ELMIRA — Despite job offers elsewhere over the years, Bill Wallace favors the intangibles that have kept him rooted at St. Joseph’s Hospital for nearly half a century.
“It’s a friendly and welcoming atmosphere, and you don’t get that at all places,” said Wallace, who serves as director of the hospital’s department of medical imaging. “There’s more caring for the patient — ‘are you warm, are you comfortable?’ A lot of other places, it’s an assembly line. Here, it’s not an assembly line.”
What Wallace values so highly is exactly what St. Joseph’s founders sought to instill some 100 years ago by bringing Catholic health care to Elmira, as noted by a placard outside the hospital entrance at 555 E. Market St.:
“Here on June 24, 1908, Sister Rose Alice and Sister St. Ann first entered the Academy of Our Lady of Angels to convert it into a Catholic hospital. From this modest beginning there has developed this modern and extensive group of buildings of St. Joseph’s Hospital — a fitting monument to the enduring faith, confident hope and beneficent charity of the Sisters of St. Joseph.”
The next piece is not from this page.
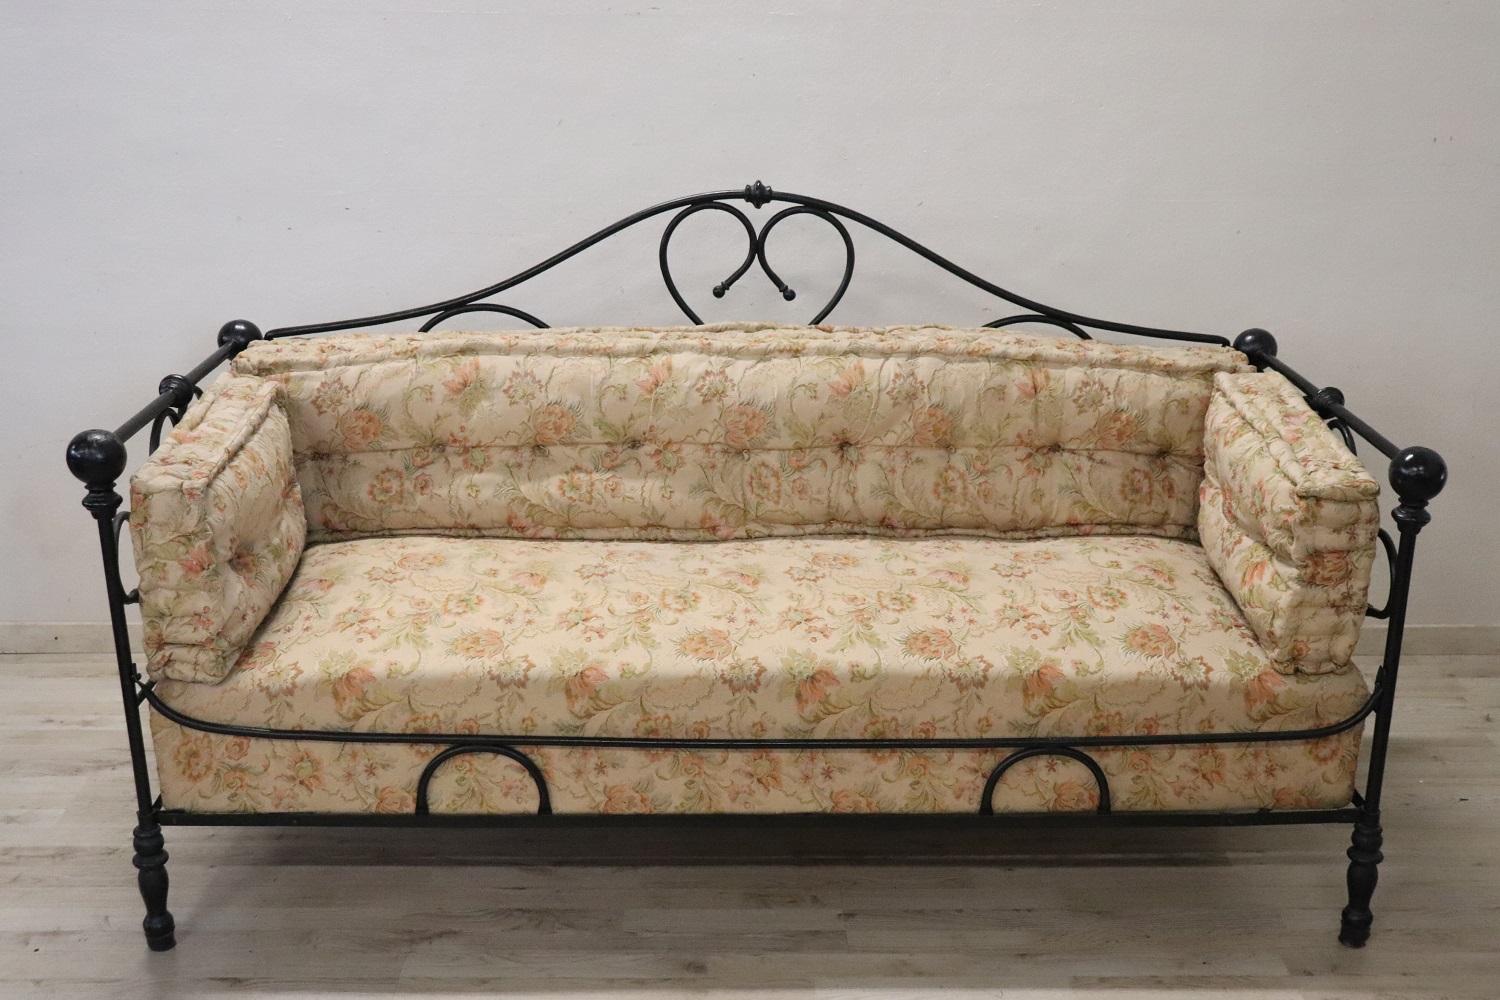 Rare italian antique large settee, late 19th century. The settee is made of solid iron. The iron has a refined and elaborate decoration with curls and scrolls. The decoration is present on each side so it is possible to place the settee also in the

The sign refers to Sister Rose Alice Conway and Sister St. Ann Murphy, who with five other Sisters of St. Joseph began the process of establishing Elmira’s first Catholic hospital. They did so with a sense of caring that went beyond the physical aspects of health care — a priority that continues today at St. Joseph’s, one of only two Catholic hospitals in the Diocese of Rochester (the other is St. James Mercy in Hornell).
“We treat the full person — mind, body and spirit. It’s not a disease we’re treating, but a person,” emphasized Sister Marie Castagnaro, SSJ, who has served as St. Joseph’s president/CEO since 1988 and is only the sixth administrator in its history.
“It’s not just health care. It’s a ministry of the church,” Sister Castagnaro added, noting that prayer is conducted every day over the hospital’s public-address system. “That’s what has kept me here — the faithfulness, integrity, compassion and caring.”
St. Joseph’s is celebrating its centennial with a slate of special events throughout 2008, including a 100th-anniversary Mass to be celebrated by Bishop Matthew H. Clark. That liturgy will take place at Elmira’s Ss. Peter and Paul Church, across the street from the hospital, at 7 p.m. on Sept. 24 — 100 years to the day from when the founding sisters and several local physicians opened St. Joseph’s doors.
Those nuns were at first rejected locally, and often hung by a thread financially. But with Sister Conway leading the way, they gradually won over the support of Elmira doctors and business leaders. By 1931, St. Joseph’s had grown into a 245-bed facility.
The Chemung River flooded in 1946, causing $350,000 in damage to the hospital; the Hurricane Agnes flood in 1972 inflicted an additional $8 million in damage. Wallace clearly remembers the latter disaster, which forced patients to be evacuated by helicopter. Even so, “we were up and running the second day,” he said.
In the mid-1960s St. Joseph’s was the site of the first corneal transplant and open-heart surgery in the Elmira area. The hospital has undertaken numerous expansions and renovations: highlights from recent years include significant expansion of the skilled-nursing facility in 1999 that brought the hospital’s overall bed capacity to 295; a health-services building that opened the same year; and opening of the Kidney Center in 2004.
Other developments of note have been establishment in 1954 of the Women’s Auxiliary, which sponsors projects and services to benefit the hospital and its patients and the 1984 establishment of the St. Joseph’s Hospital Foundation, the organization’s chief means of fundraising.
Wallace and Sister Castagnaro said St. Joseph’s has done a solid job of keeping up with state-of-the-art medical equipment and technology while preserving its values.
“The challenge is trying to figure out how to grow, based on community need. St. Joseph’s has done a remarkable job over the years of filling the needs,” Sister Castagnaro said, citing, for instance, expansion of the hospital’s drug- and alcohol-rehabilitation services in recent decades.
However, it’s doubtful that the hospital will serve the community for very much longer as an independent entity.
“The way health care is going here and into the future, in all parts of the country, you can’t afford to have absolutely everything at every hospital,” Sister Castagnaro said.
St. Joseph’s has been trying since 2006 to gain state approval for a working relationship with Guthrie Healthcare System of Sayre, Pa. The pact — which would commit $54 million to St. Joseph’s while allowing the Elmira hospital to maintain its adherence to Catholic ethical and religious directives — also would bring a wider range of services for patients. Sister Castagnaro said St. Joseph’s and Guthrie hope to present its latest proposal to the state this summer.
Joining forces with Guthrie also would help St. Joseph’s erase a sizable debt that arose, in part, from its emphasis on providing care to uninsured and underinsured patients. Yet Sister Castagnaro said her hospital continues to welcome such people willingly, based on the principles that have guided St. Joseph’s for an entire century.
“We’re doing what we need to do,” she stated.